Stolen ‘Wizard of Oz’ ruby slippers will go on an international tour and then be auctioned
A pair of ruby slippers worn by Judy Garland in “The Wizard of Oz” were returned to their owner, nearly two decades after the iconic shoes were stolen from a museum in the late actor’s hometown. But “No Place Like Home?” Not exactly.
The memorabilia collector who owns the iconic shoes immediately turned them over to an auction company, which plans to take them on an international tour before offering them at auction in December, an official with Dallas-based Heritage Auctions said Monday.
The ruby slippers were at the heart of the beloved 1939 musical. Garland’s character, Dorothy, danced down the Yellow Brick Road in her shiny shoes, accompanied by the Scarecrow, the Tin Man and the Cowardly Lion. To return to Kansas, she had to click her heels three times and repeat, “There’s no place like home.”
In reality, Garland wore several pairs during filming. There are only four left.
Memorabilia collector Michael Shaw’s ruby slippers were believed to be of the highest quality; they were used in close-ups of Dorothy clicking her heels. Shaw loaned them to the Judy Garland Museum in Grand Rapids, Minnesota, in 2005.
That summer, someone smashed a display case and stole the slippers covered in sequins and beads. Their whereabouts remained a mystery until the FBI recovered them in 2018.
The slippers were returned to Shaw in a ceremony in February, but details were not announced until Monday.
“It’s like seeing an old friend that I haven’t seen in years,” Shaw said in a press release.
The Dallas-based auction company said the slippers tour will include stops in Los Angeles, New York, London and Tokyo. Dates were not announced.

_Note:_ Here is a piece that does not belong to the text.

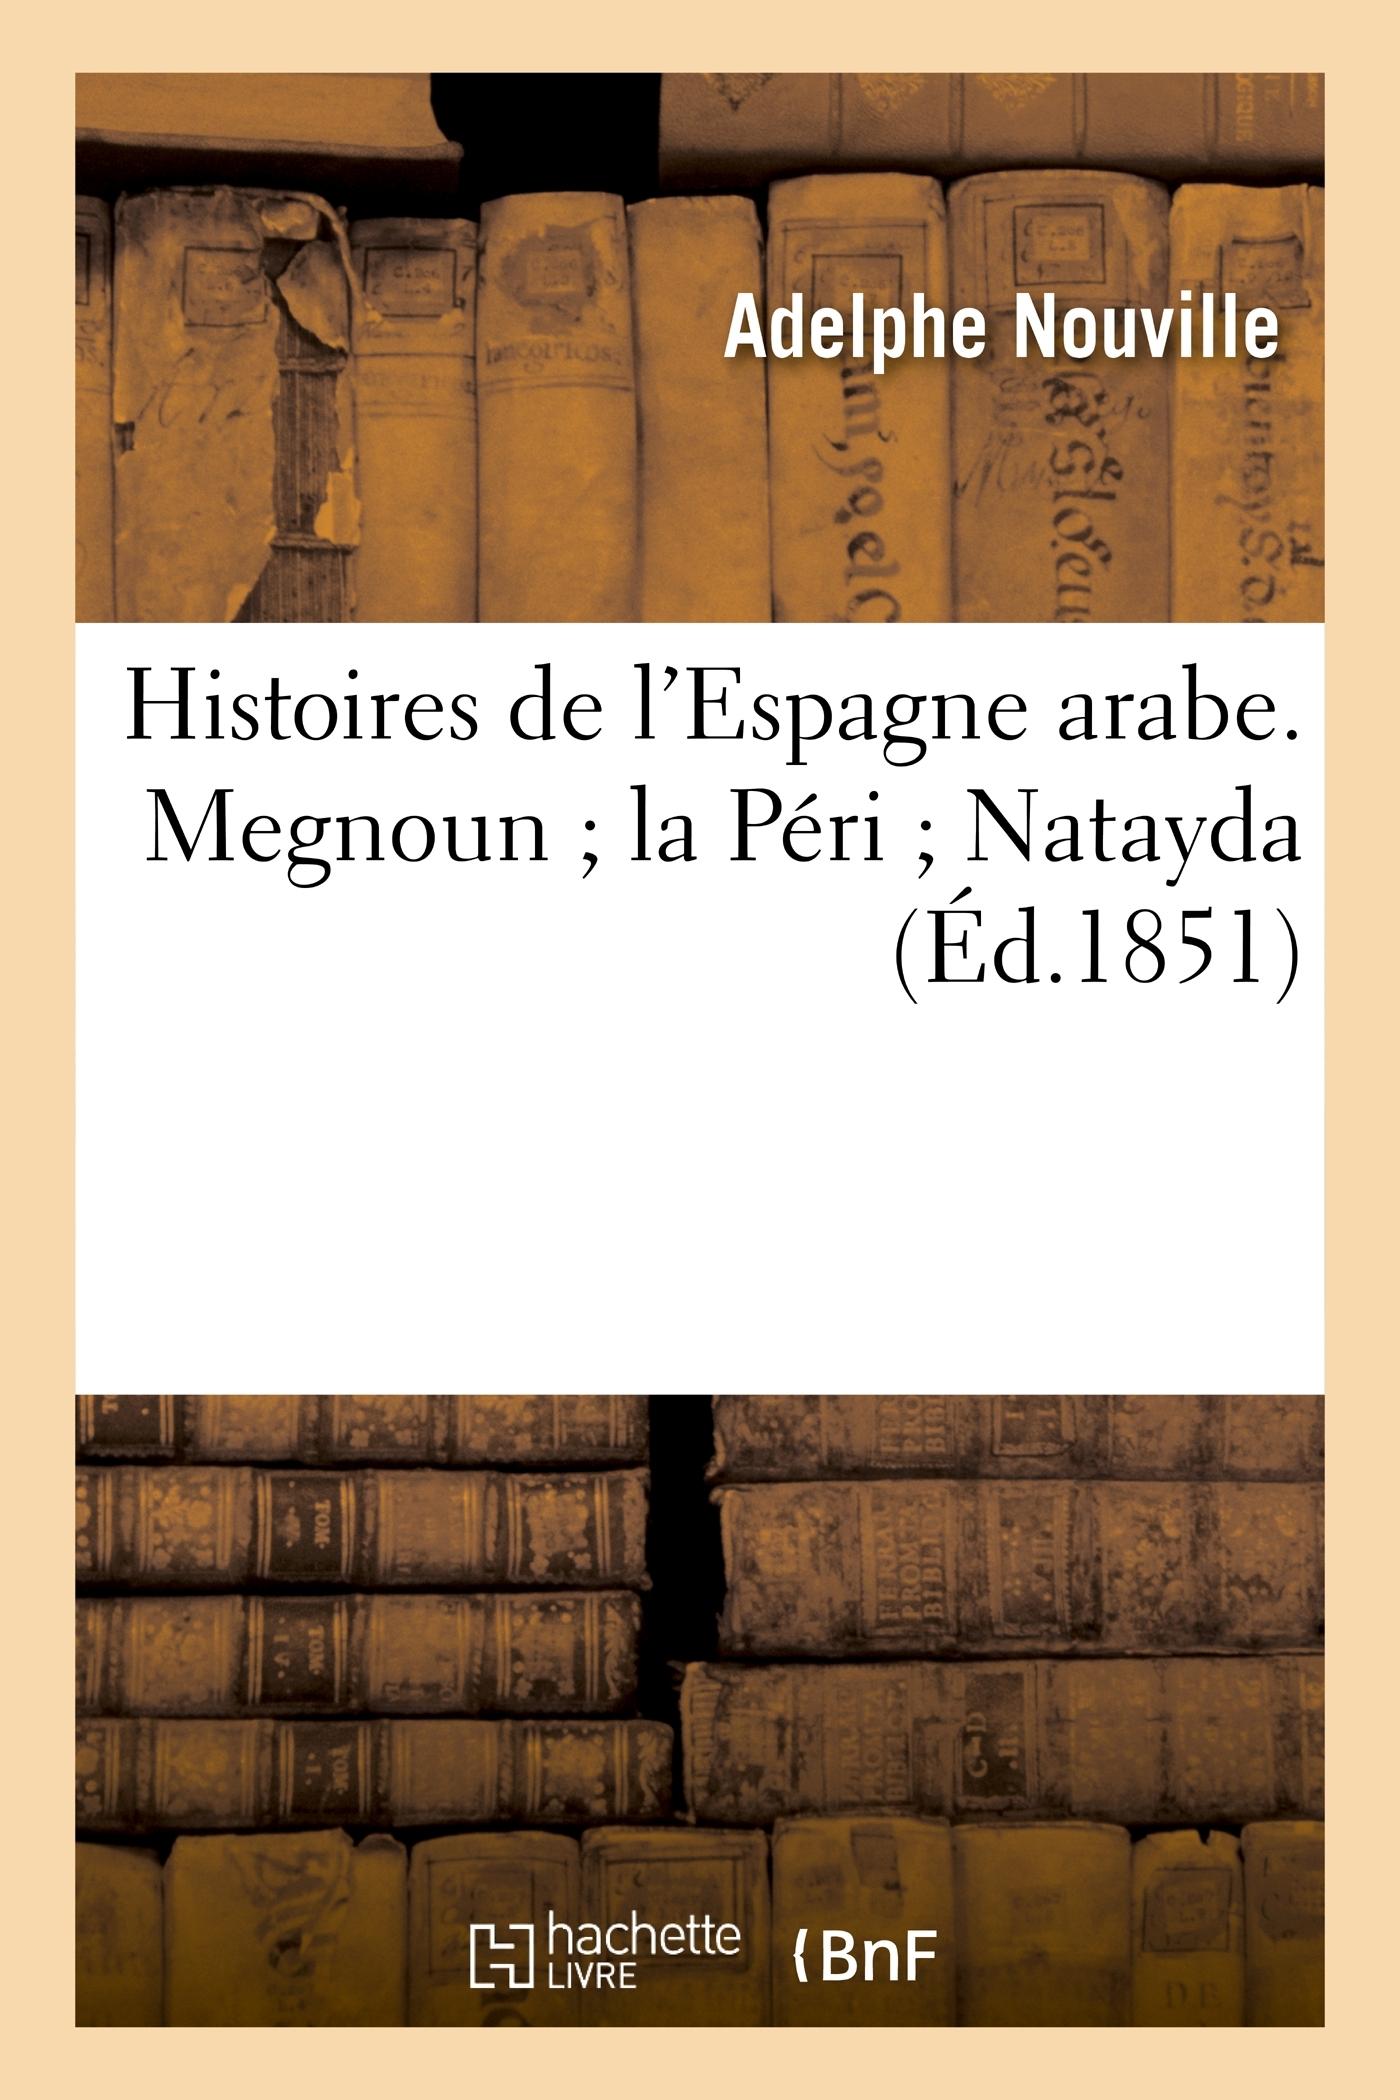 HISTOIRES DE L'ESPAGNE ARABE. MEGNOUN LA PERI NATAYDA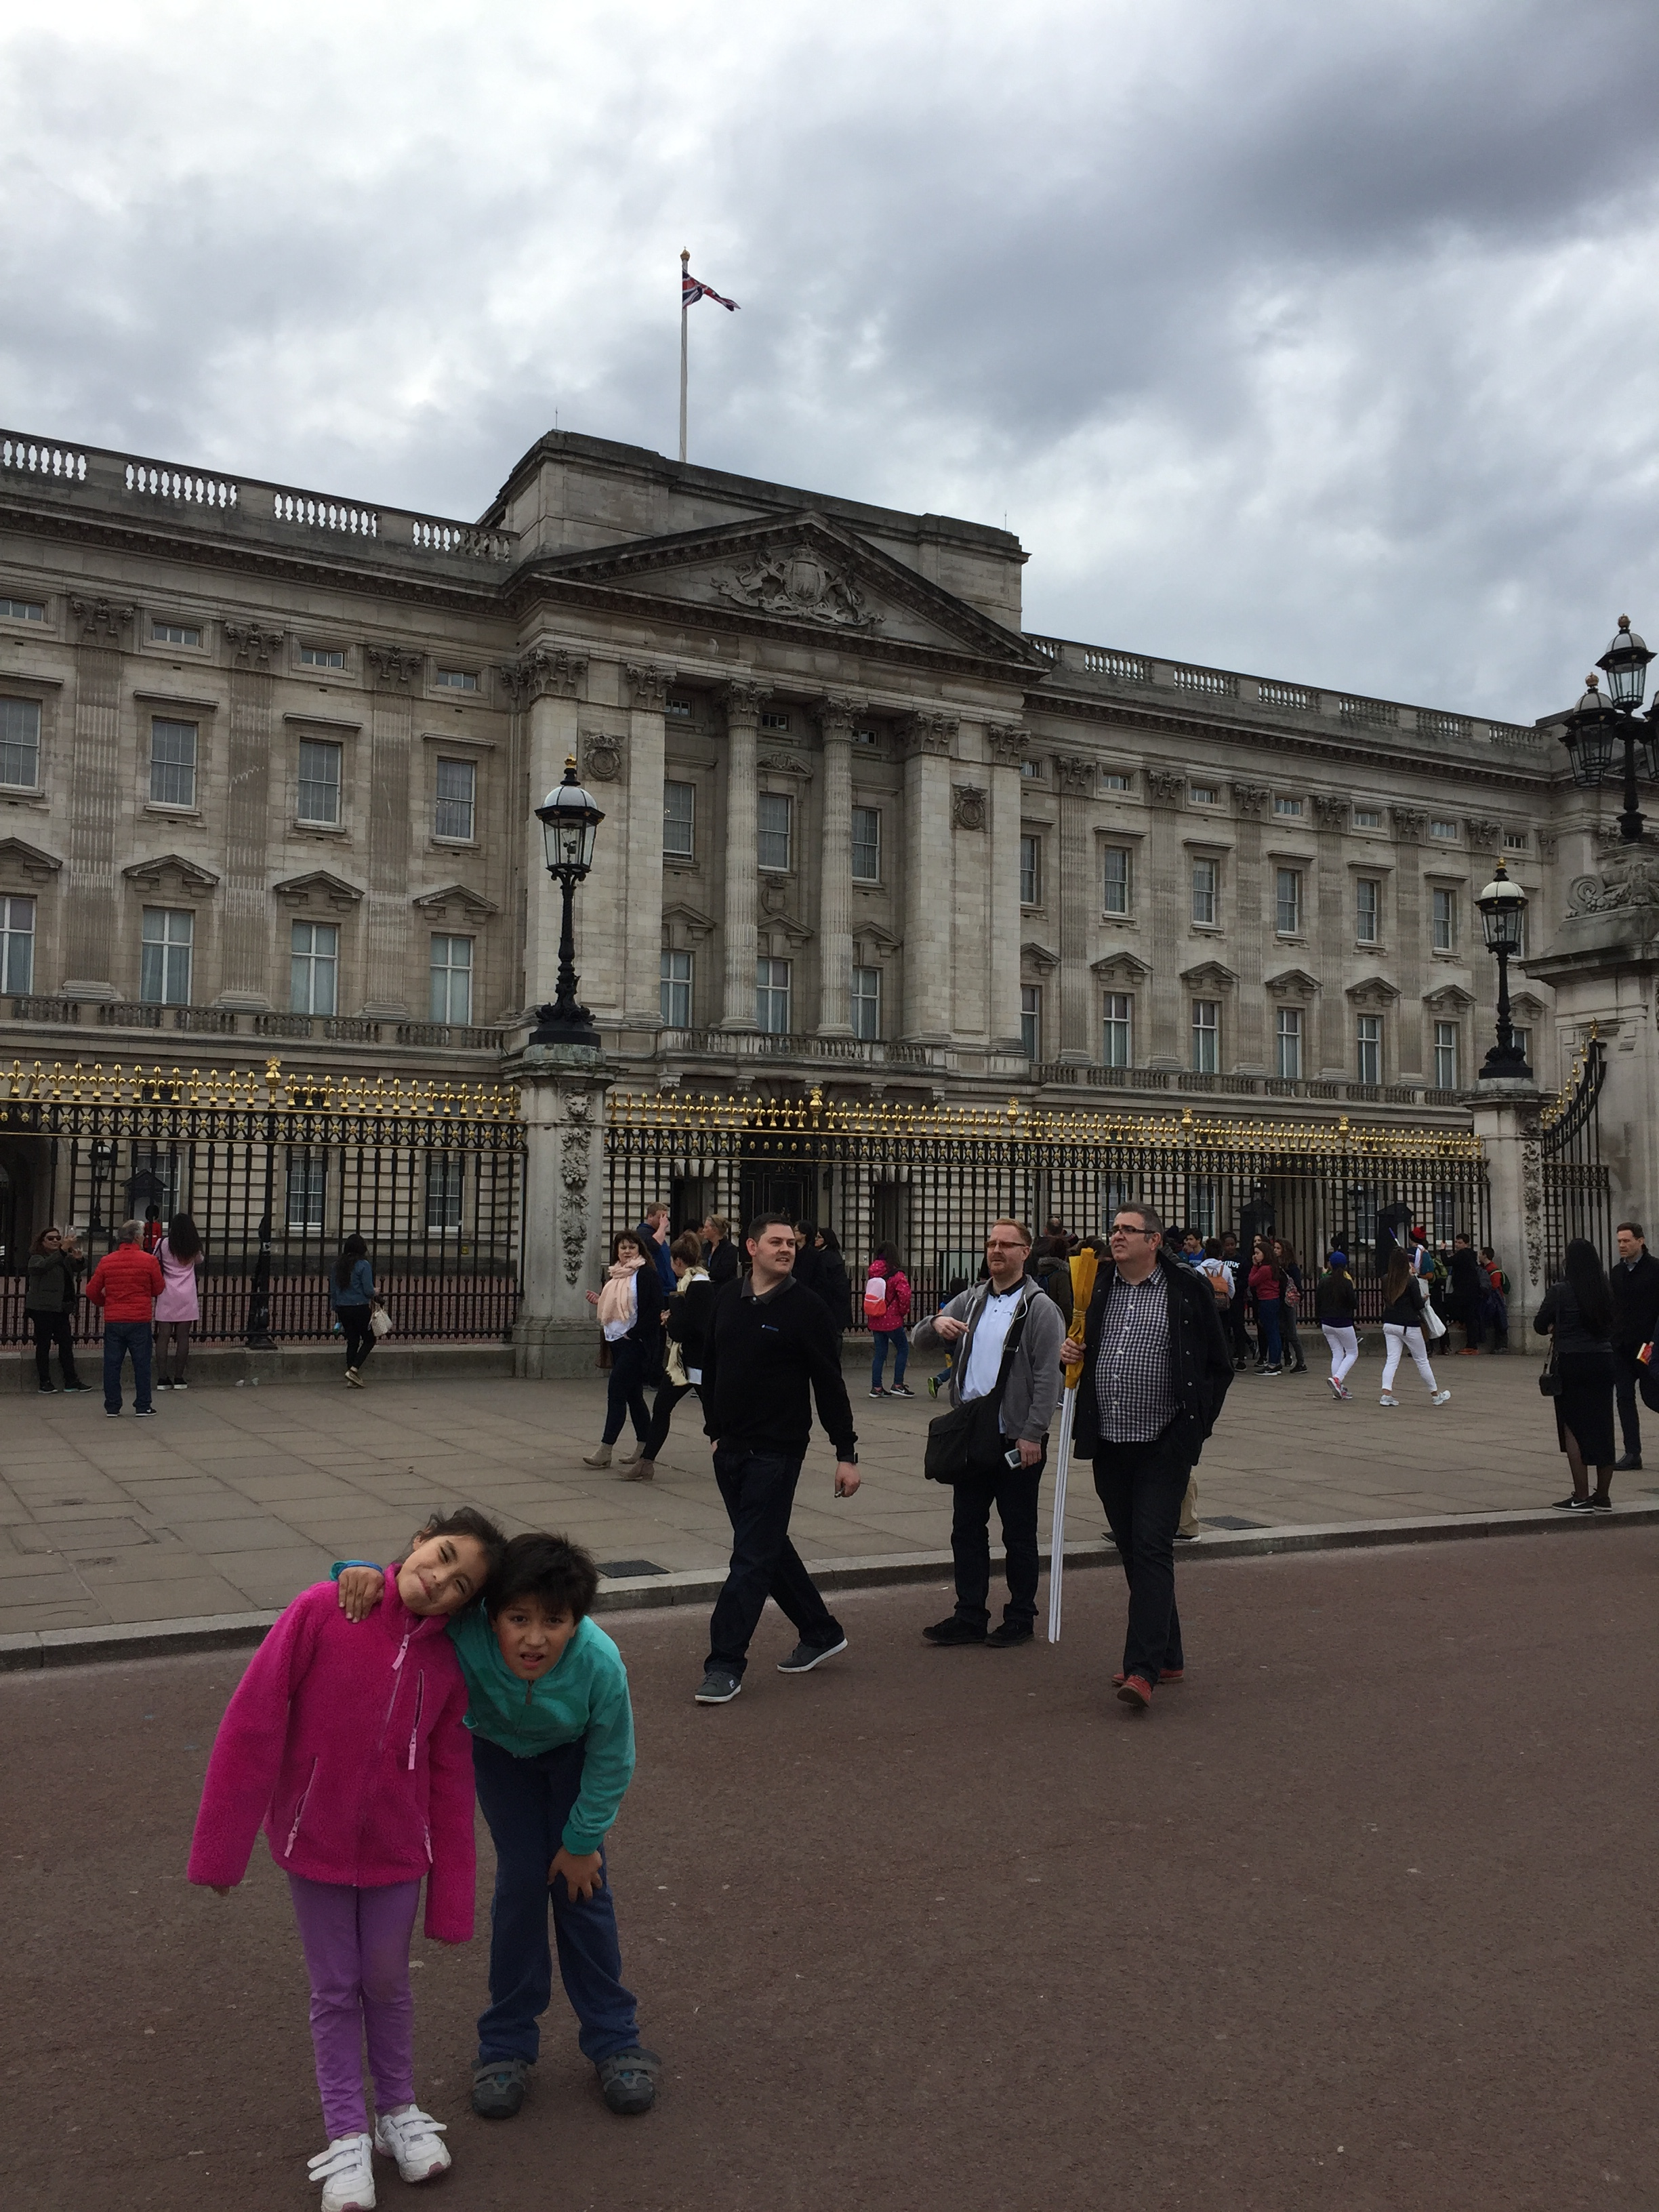 Palacio de Buckingham, Londres | Mi blog de aventuras | 2017

“You cannot overstate the importance of Dorothy’s ruby slippers: they are the most important prop in Hollywood history,” Joe Maddalena, Executive Vice President of Heritage Auctions, said in the press release.
The man who stole the slippers, Terry Jon Martin, 76, pleaded guilty in October to theft of a large work of art. He admitted using a hammer to smash the glass of the museum door and display case, which his lawyer said was an attempt to pull out the slippers. of “one last score” after turning away from a life of crime. He was sentenced to prison in January due to his poor health.
An indictment made public Sunday revealed that a second man, 76-year-old Jerry Hal Saliterman, has been charged with theft of a major work of art and witness tampering. He did not enter a plea when he made his first appearance in U.S. District Court in St. Paul on Friday, sitting in a wheelchair and receiving supplemental oxygen.
The indictment states that from August 2005 to July 2018, Saliterman “received, concealed and discarded an item of cultural heritage” — specifically “an authentic pair of ‘ruby slippers’ worn by Judy Garland in the film ‘The Wizard of Oz’ dated 1939. .'” The indictment says Saliterman knew they were stolen. It also says that, sometime last year, he threatened to release a sex tape of a woman and “take her with him” if she didn’t keep quiet about the crime…
Saliterman’s attorney, John Brink, declined to discuss the case in depth Friday but said his client is not guilty.
“He didn’t do anything wrong,” Brink said.
Court documents do not indicate how Martin and Saliterman may have been connected.
Martin said at a hearing in October that he had hoped to extract what he believed to be genuine rubies from the shoes and sell them. But someone dealing in stolen goods told him the rubies weren’t real, Martin said. So he took off the slippers.
Attorney Dane DeKrey wrote in a court document that Martin had no idea of the cultural significance of the ruby slippers and that he had never seen “The Wizard of Oz.”
The FBI said a man approached the insurer in 2017, claiming he could help get them back, but demanded more than the $200,000 reward that was offered. The slippers were recovered the following year during an FBI sting in Minneapolis. Federal prosecutors estimate the market value of the slippers at about $3.5 million.
The other pairs of slippers are owned by the Academy of Motion Picture Arts and Sciences, the Smithsonian Museum of American History and a private collector.
Garland was born Frances Gumm in 1922. She lived in Grand Rapids until she was four, when her family moved to Los Angeles. She died in 1969. The Judy Garland Museum, which includes the house where she lived, claims to have the largest collection of Garland and “Wizard of Oz” memorabilia in the world.